James Bradley, head of legal at car manufacturer Lotus in the UK, similarly contends that keeping up with FRAND divergence is not difficult for his business.

“There is an overall consistency surrounding FRAND and SEP licensing rules in the EU and the US, which are our biggest markets. There are slight disparities, of course, but the basic principles are the same.

“The most important thing for us is that a worldwide licence is okay – that is all we will ever ask for.”

He adds that the company will try to avoid holding out in negotiations and refusing to take a licence because of the risk involved, knowing that licensors similarly want to avoid litigation where they might be exposed to public denigration. Beyond that, keeping up with FRAND largely comes down to communication.

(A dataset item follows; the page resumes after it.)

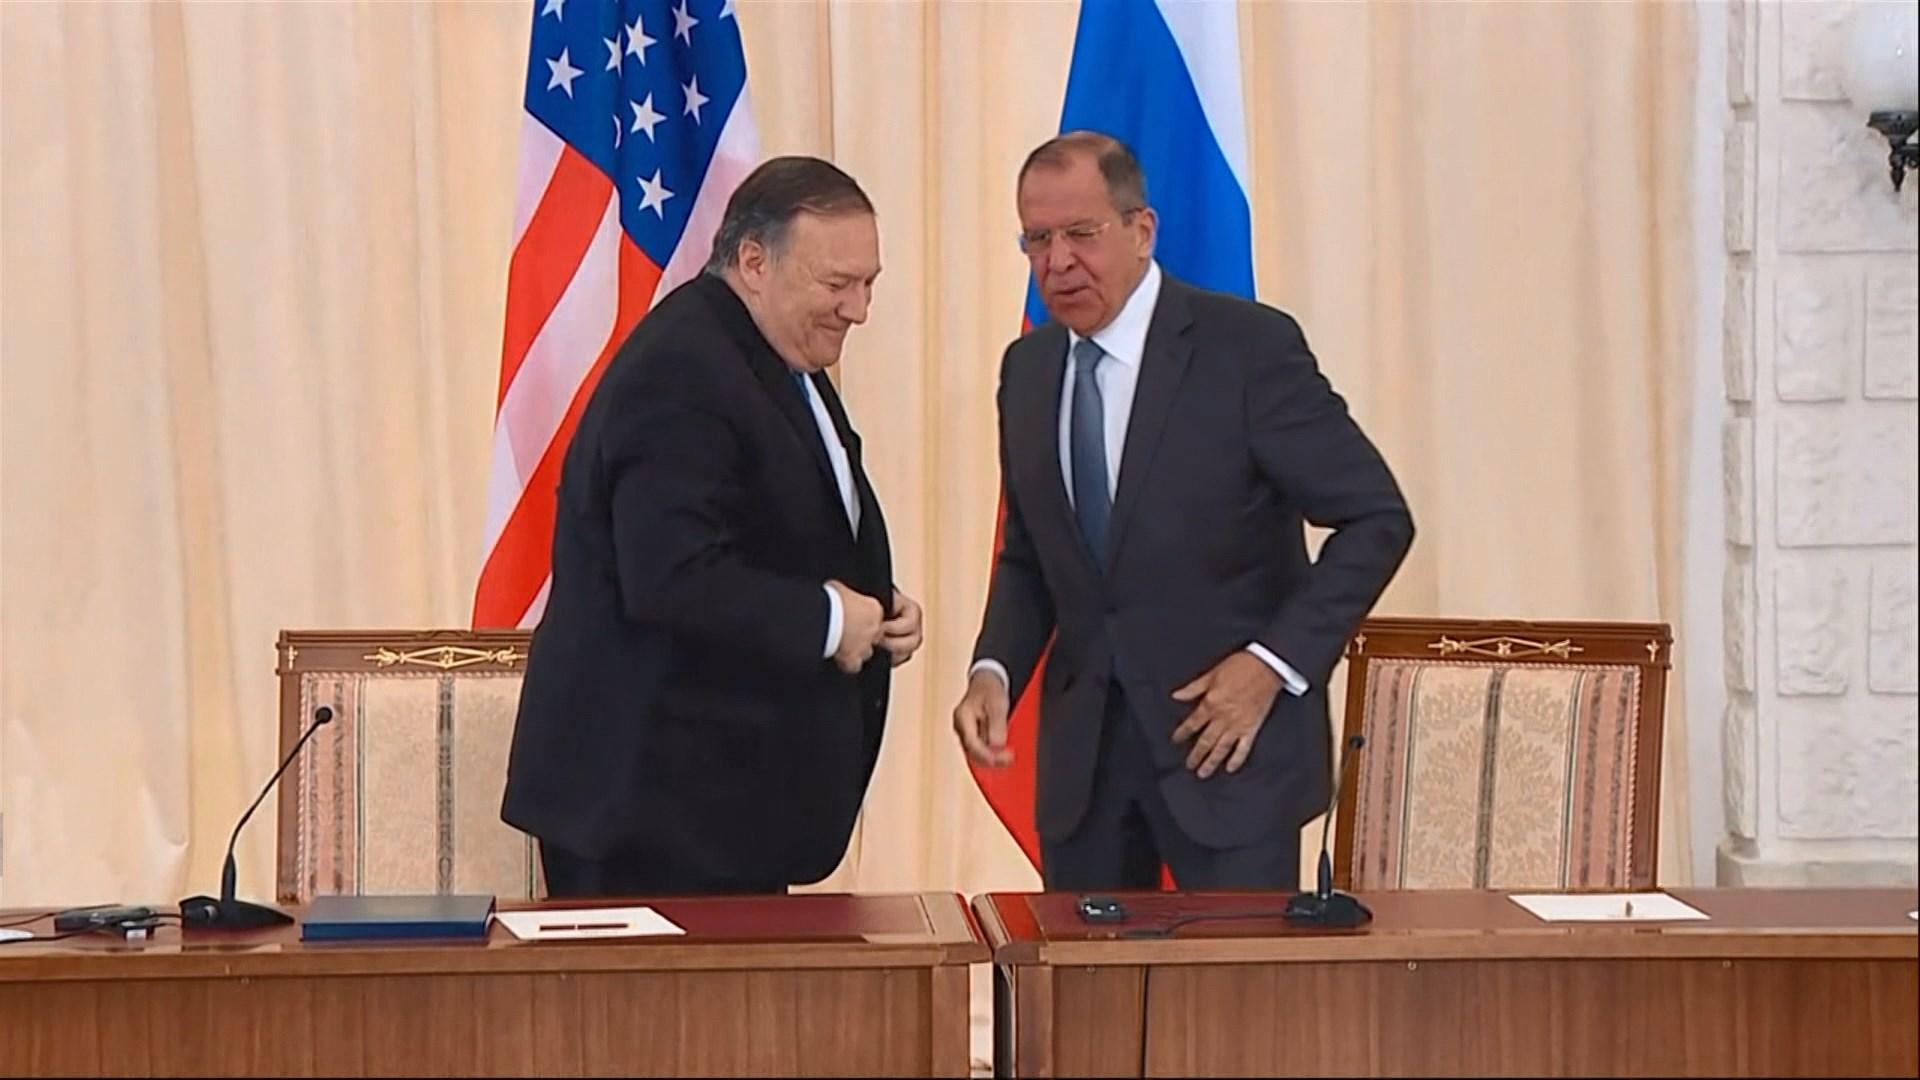 普京強調俄從未干預美國選舉

“Keeping up is reasonably straightforward. There is a lot going on but I talk to people and read what is available, and by doing those things it is quite easy to keep up,” he says.

“Every auto company should do that; and if they do not, they are going to be in trouble.”

Depending on your licensing strategy and the type of company you work in, the steadily diverging rules around what is FRAND can be confusing. In-house counsel and their external partners need to keep a close eye on the landscape to ensure they’re not reprimanded by the courts for unreasonable business practices as interpreted by a particular jurisdiction.

With the disparity between FRAND rulings in different jurisdictions, and even within individual countries, the uncertainty around licensing practices is unlikely to lift anytime soon.